The higher the leg, the lower the pressure in the leg veins. If the foot is elevated above the heart then the pressure in the foot drops to a normal level. Put your legs up whenever you can and as high as you are able - the arm of the sofa is good. Elevate the lower end of your bed (6 inches or so) so that when in bed your feet are a little higher than your head.

COMPRESSION BANDAGING OR STOCKINGS

In order to keep the pressure in the leg veins at the ankle low when you are standing up, you will be treated with compression bandaging or stockings. Several layers of bandages, usually four, may be required to get the necessary pressure to control the veins.

Once the ulcer is healed, compression stockings are necessary to prevent the ulcer from returning. These stockings need to be specially fitted and are much stronger than ordinary "support tights". If you have difficulty putting on your stockings then you can buy a special stocking applicator.

DRESSINGS

The nurse will use a number of different dressings under the bandages depending on the state of the ulcer itself. These dressings may well change as the ulcer progresses.

SURGERY

An operation may be necessary if your ulcer is due to varicose veins. It is not necessary to get the ulcer healed before an operation. The combination of surgery and then ongoing compression can be very effective.

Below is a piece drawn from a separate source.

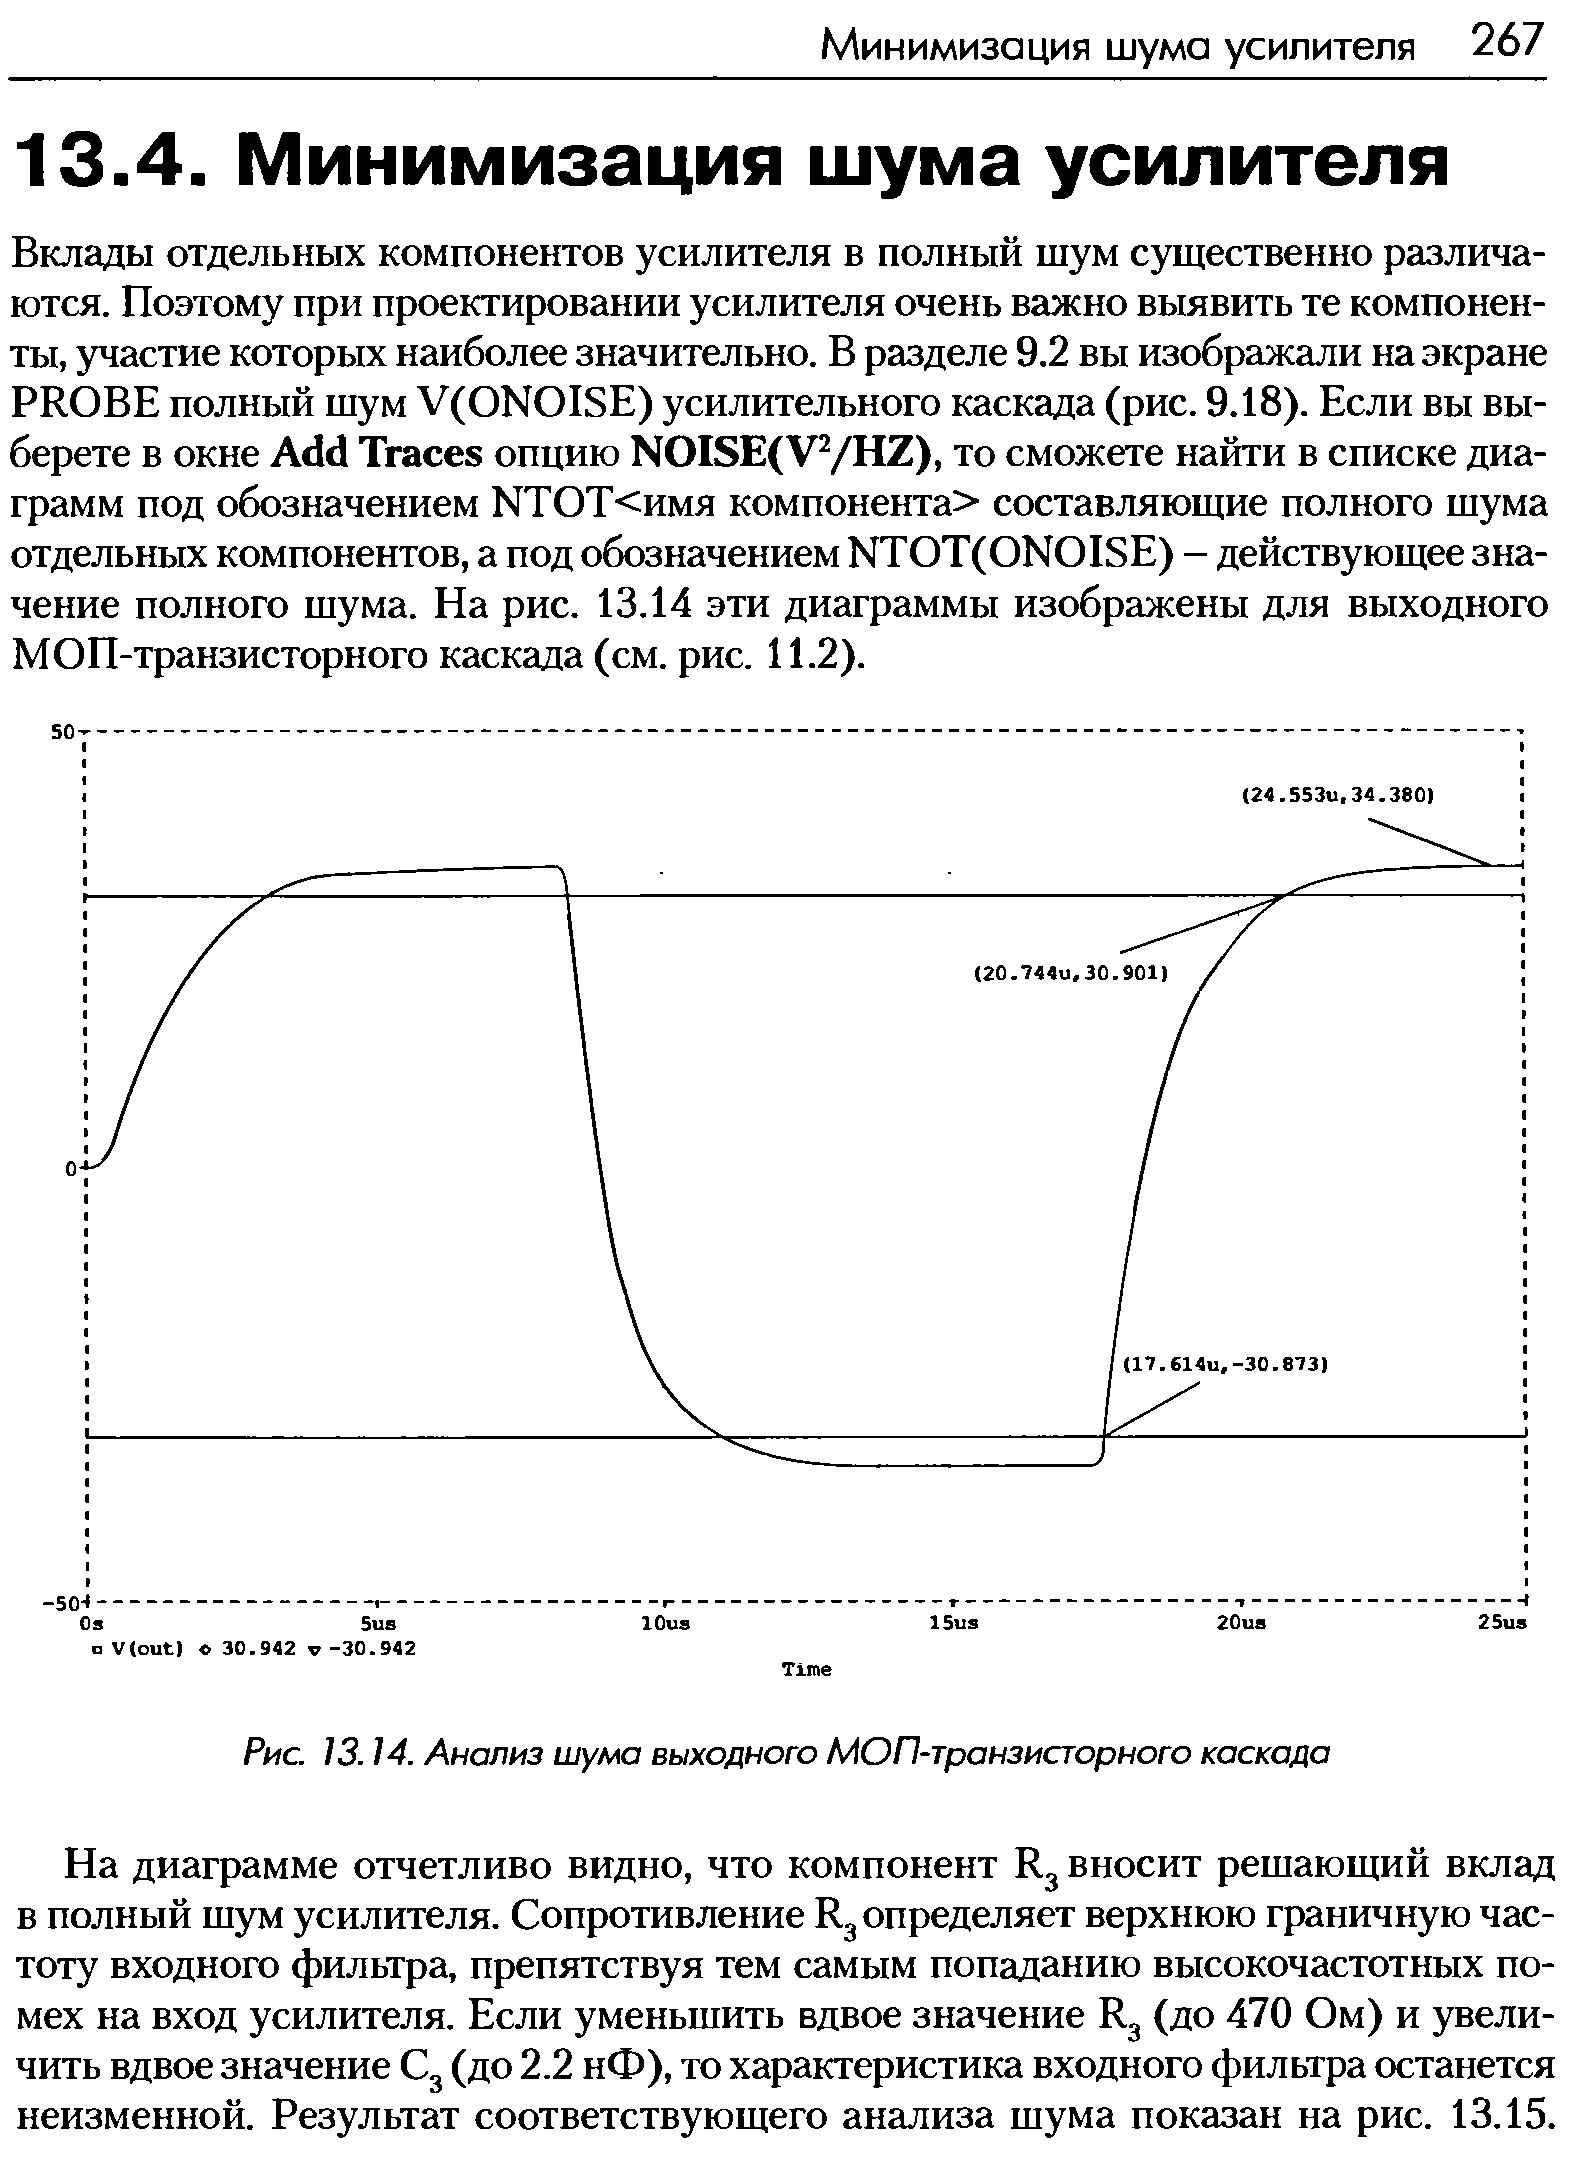 На диаграмме отчетливо видно, что компонент Ед вносит решающий вклад в полный шум усилителя. Сопротивление Ед определяет верхнюю граничную частоту входного фильтра, препятствуя тем самым попаданию высокочастотных помех на вход усилителя. Если уменьшить вдвое значение Ед (до 470 Ом) и увеличить вдвое значение Сд (до 2.2 нФ), то характеристика входного фильтра останется неизменной. Результат соответствующего анализа шума показан на рис. 13.15.

HOW LONG WILL IT TAKE THE ULCER TO HEAL?

It has usually taken many years for the venous problems to cause the ulcer, so it is not surprising that ulcers may take a fairly long time to heal. Although most venous ulcers will heal up in 3-4 months, a small proportion will take considerably longer. Don't despair! Even in these resistant cases treatment is eventually successful.

HOW CAN I STOP THE ULCER COMING BACK?

Once your ulcer is healed, it does not mean that your problems are over. Although the skin is intact the underlying problem with the veins remains and you must take precautions to prevent the ulcer recurring.
  • Wear compression stockings at all times during the day.

  • Elevation of the legs whenever possible.

  • Keep the skin in good condition by using plenty of moisturising cream to prevent dryness.

  • Weight loss, fresh fruit, exercise and stopping smoking are also vital to help heal your ulcer as well as for your general health.